• _What is needed_
In the copy, include exactly the lines from the one with "Cựu chiến binh" through the end of the data and no others, both ends kept, with every picture left out.

• _Given data_
Content starts

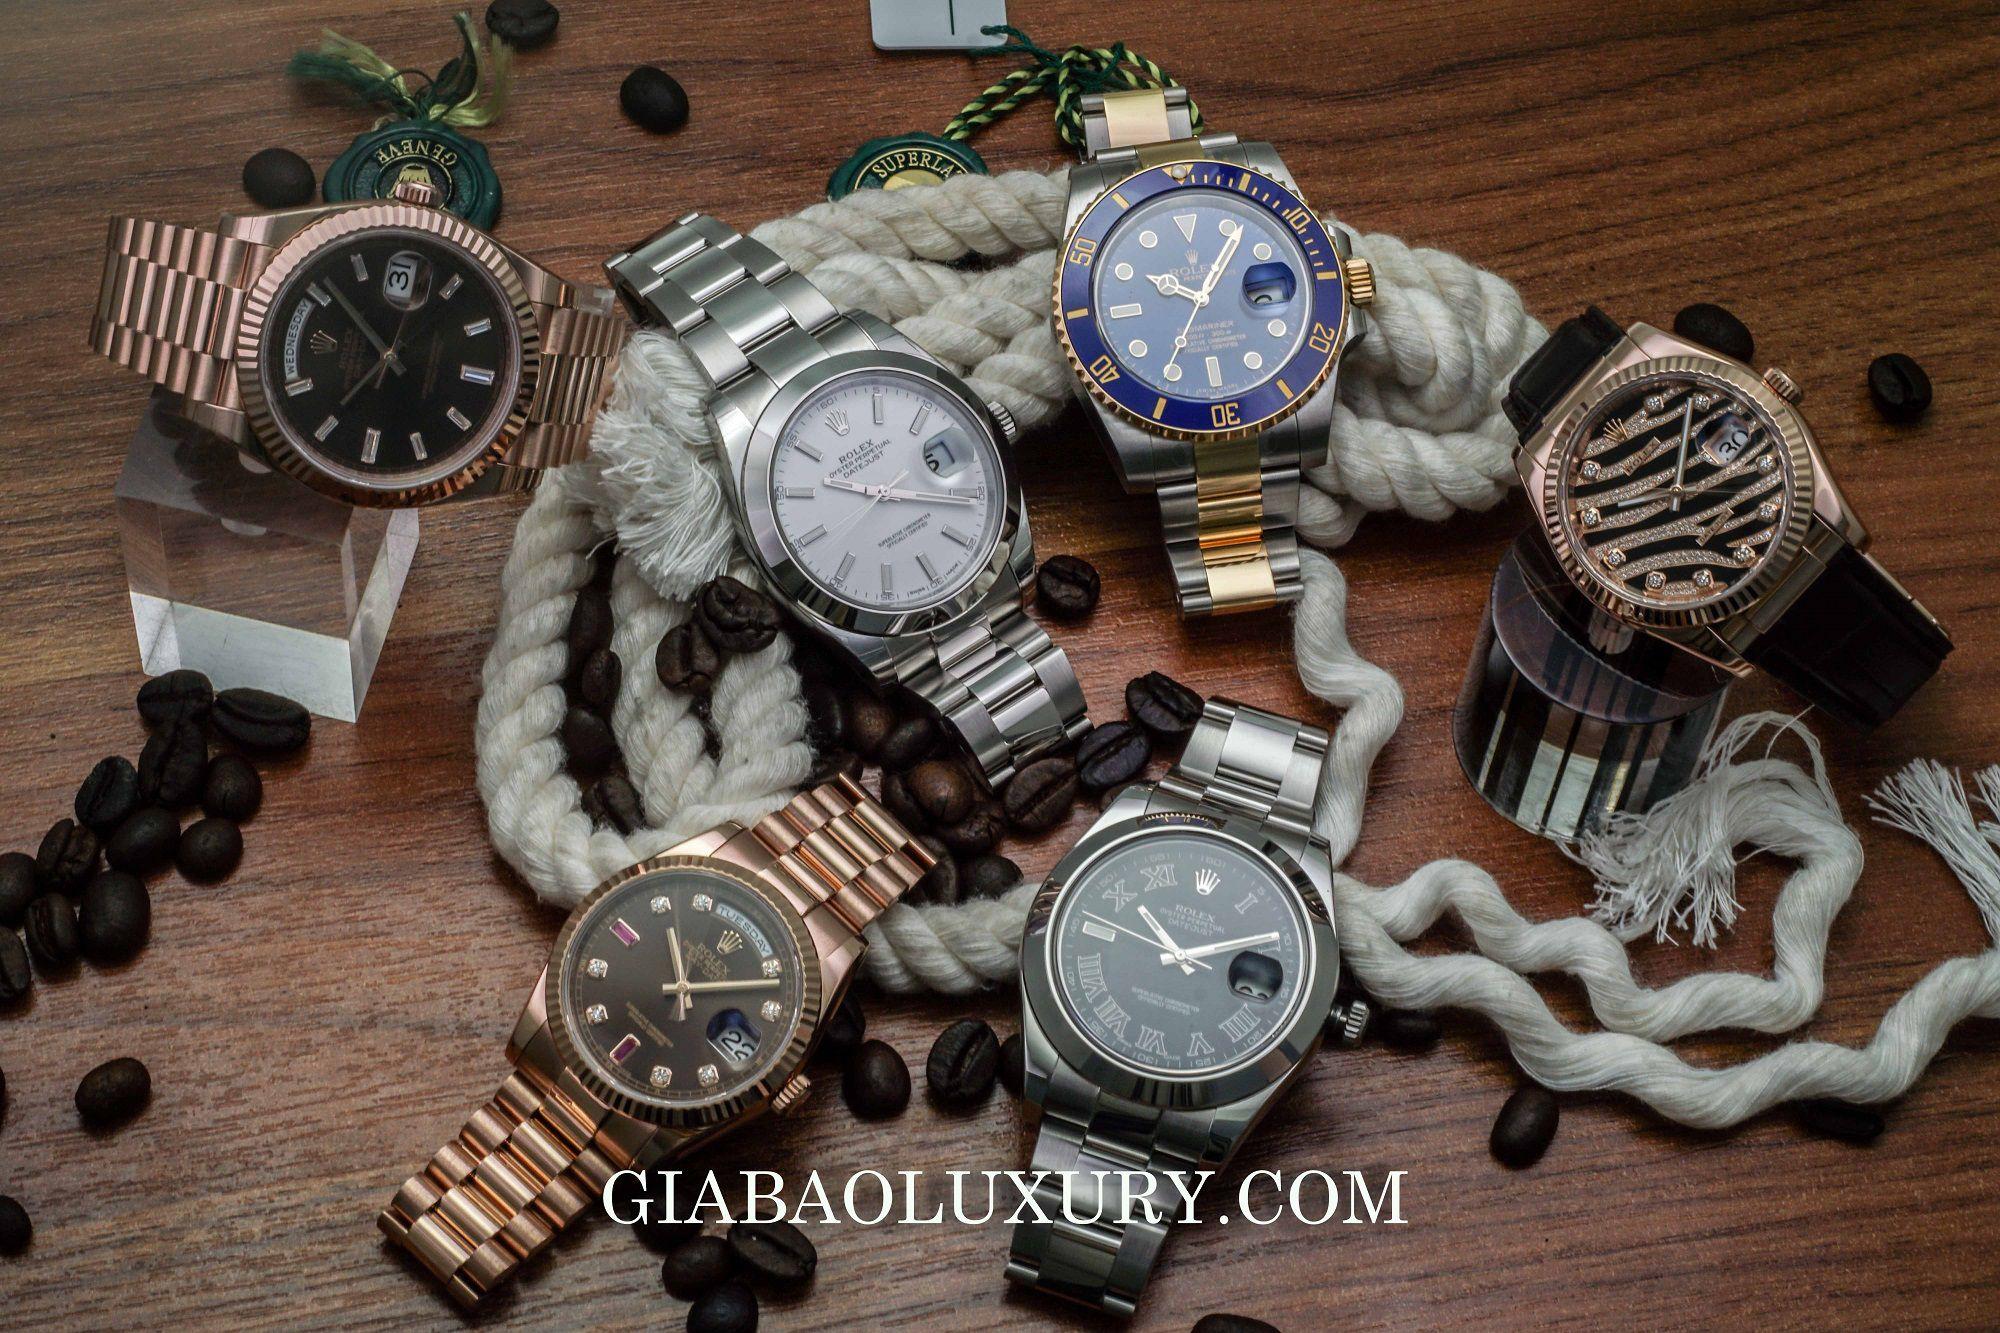 Gia Bảo Luxury thu mua đồng hồ Rolex Datejust chính hãng
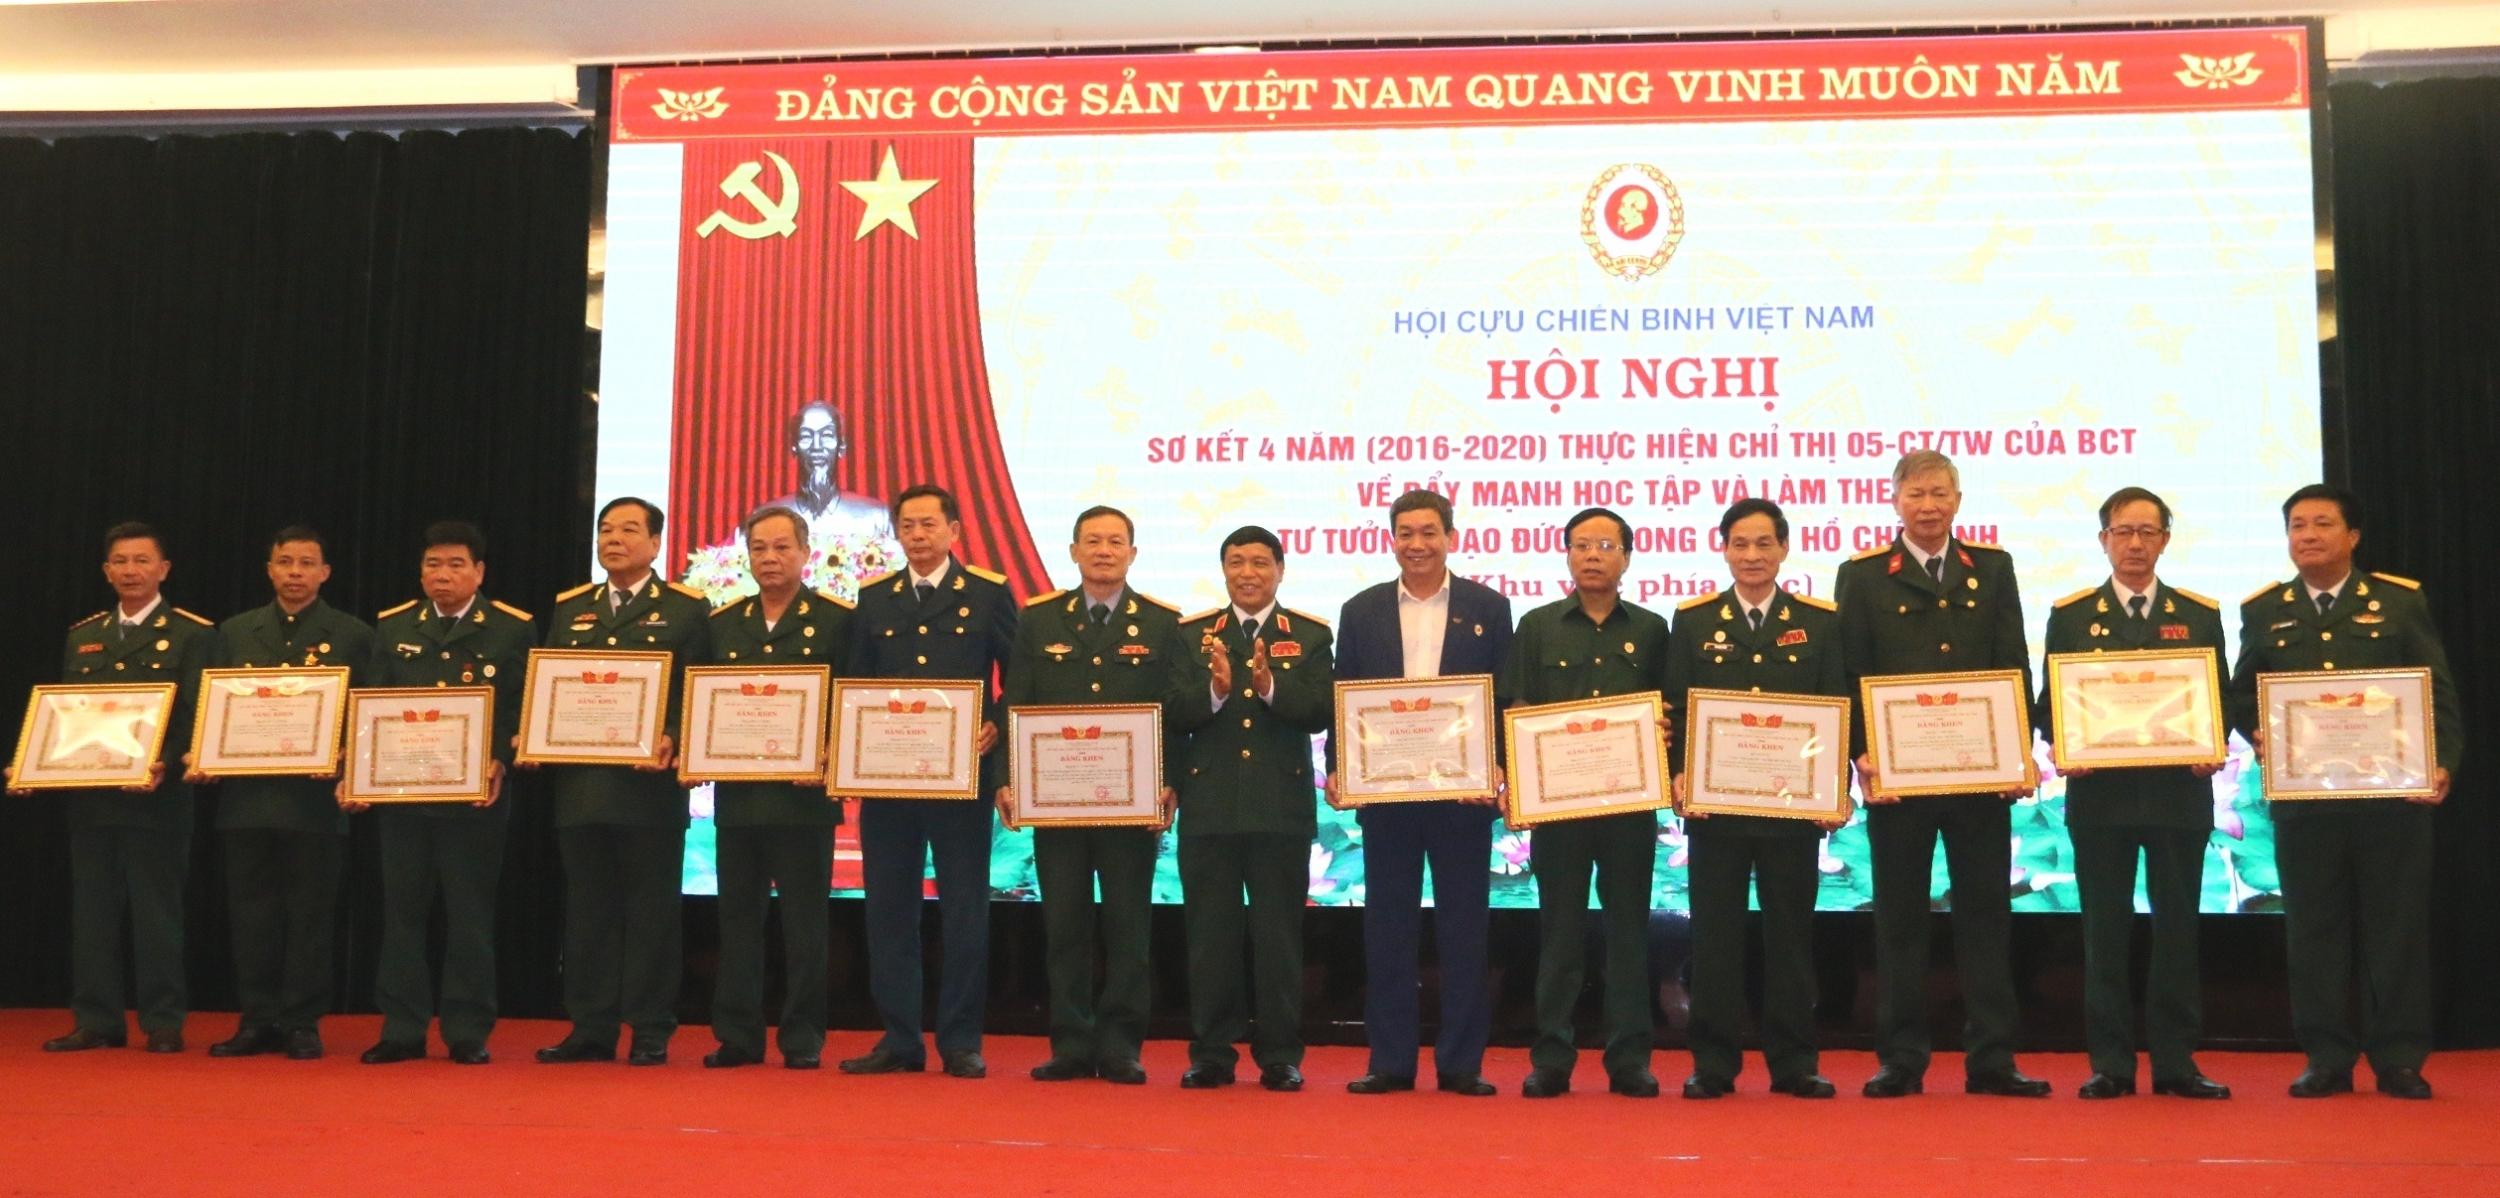 Cựu chiến binh Dầu khí tích cực, chủ động, sáng tạo trong Học tập và làm theo tư tưởng, đạo đức, phong cách Hồ Chí Minh
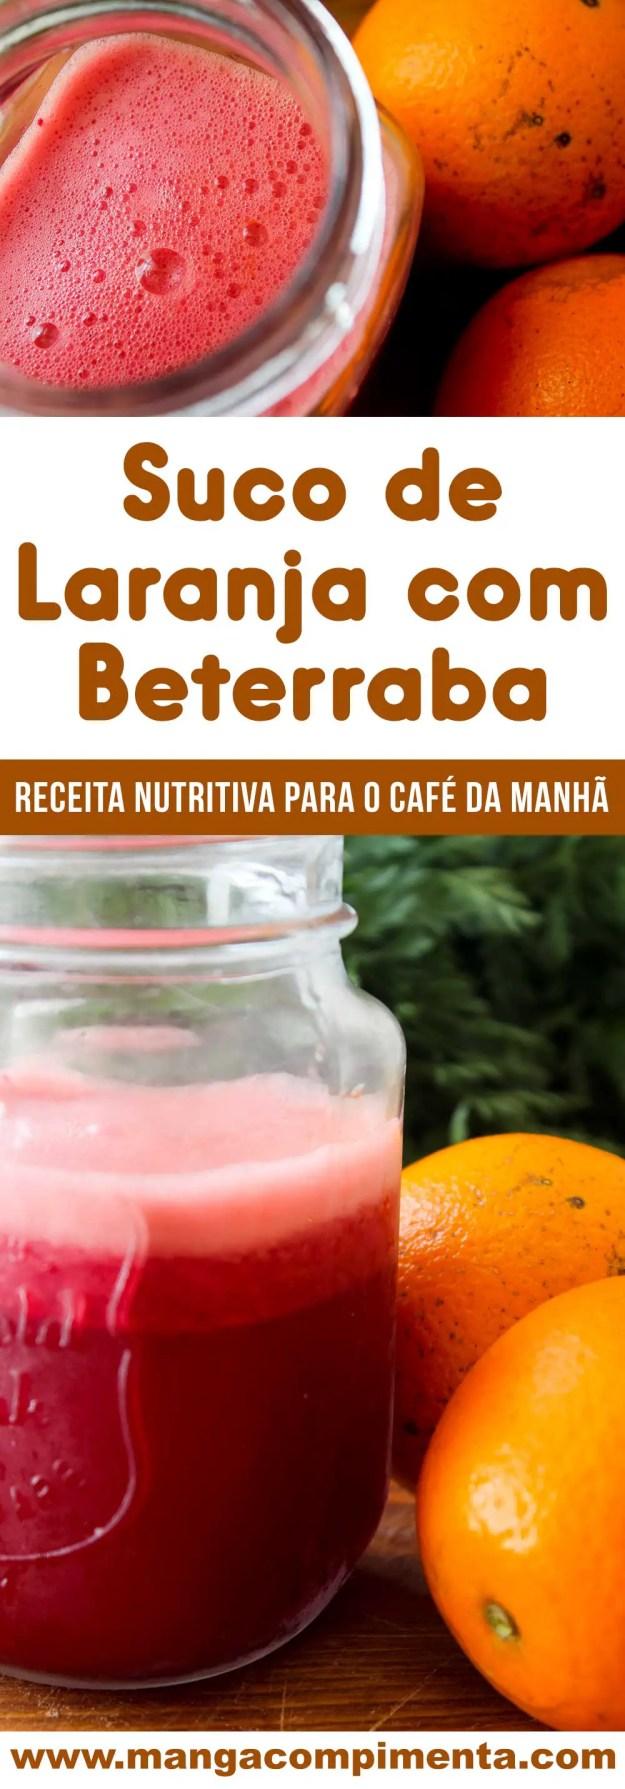 Receita de Suco de Laranja com Beterraba - um suco nutritivo para começar bem o dia!
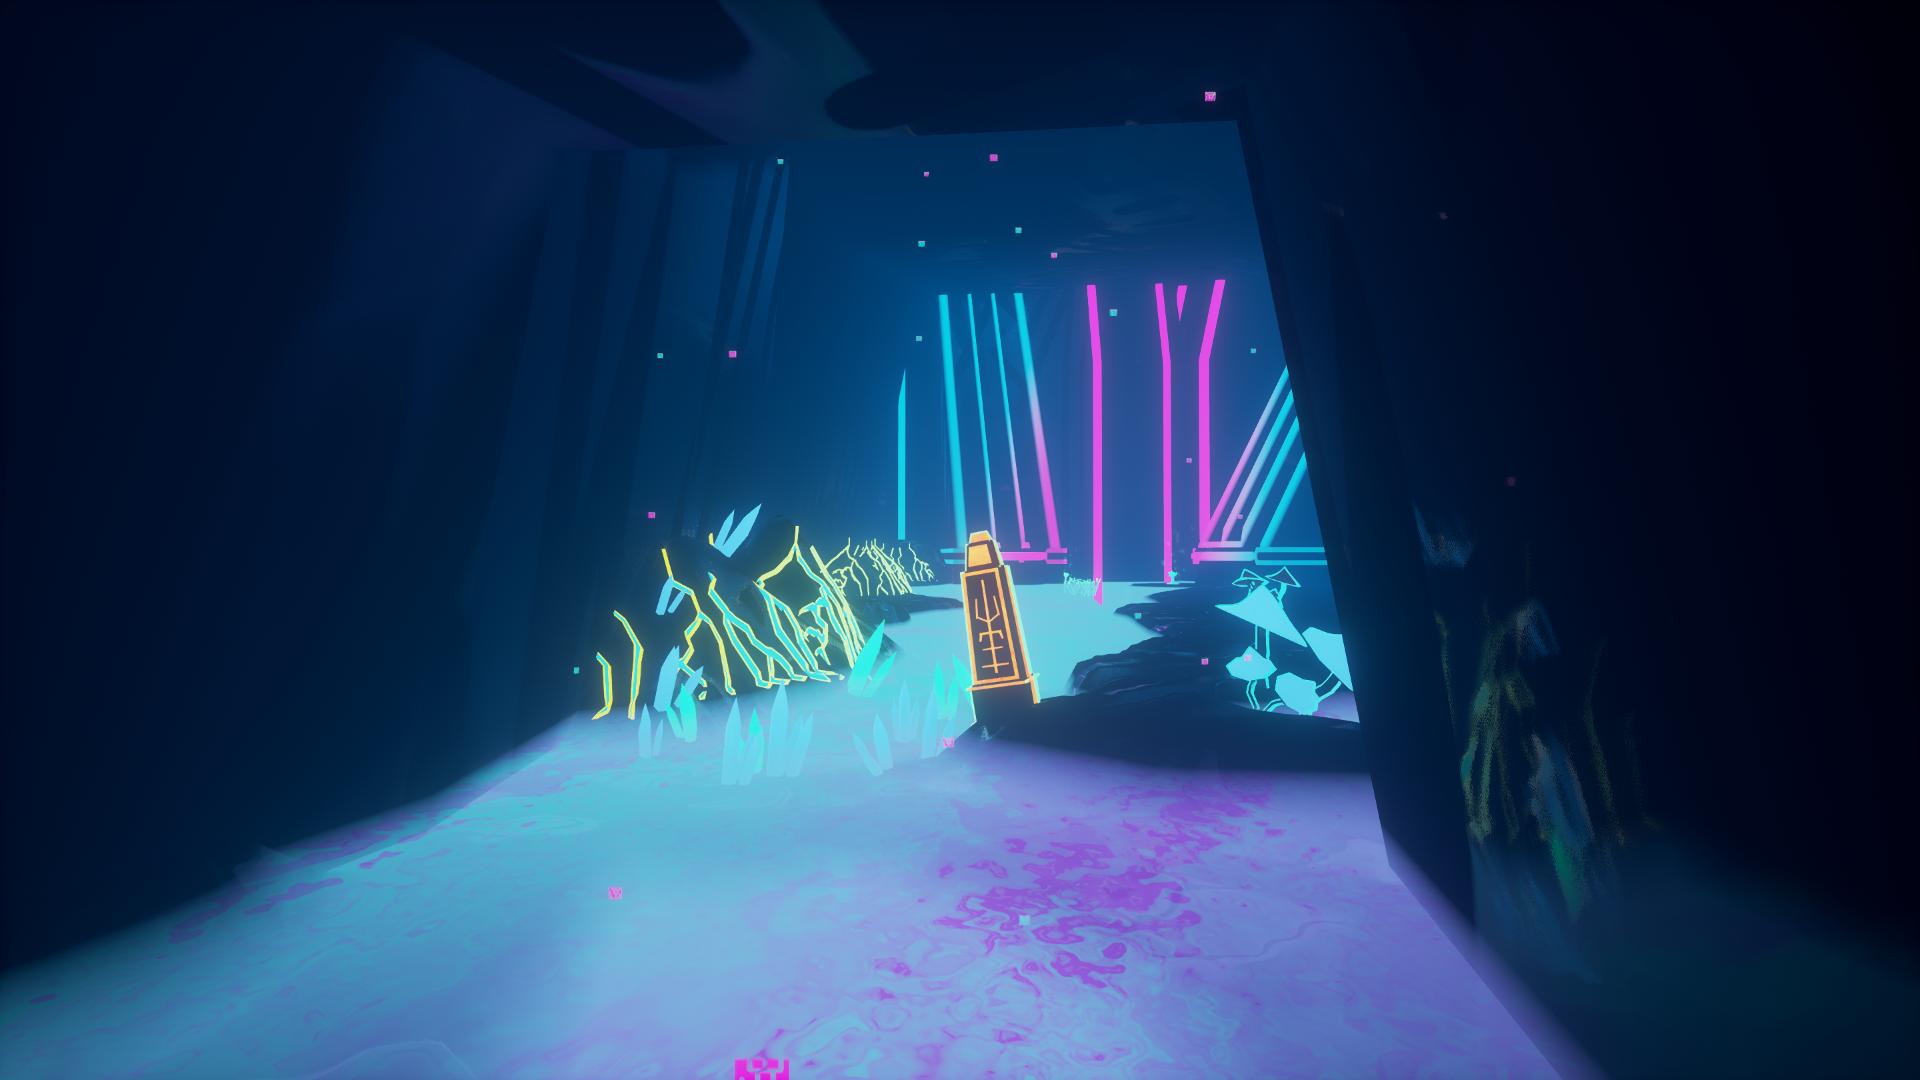 A hidden cave awaits you with hidden lore

Content ends

• _Response_
 Cựu chiến binh Dầu khí tích cực, chủ động, sáng tạo trong Học tập và làm theo tư tưởng, đạo đức, phong cách Hồ Chí Minh
 Receita de Suco de Laranja com Beterraba - um suco nutritivo para começar bem o dia!
 A hidden cave awaits you with hidden lore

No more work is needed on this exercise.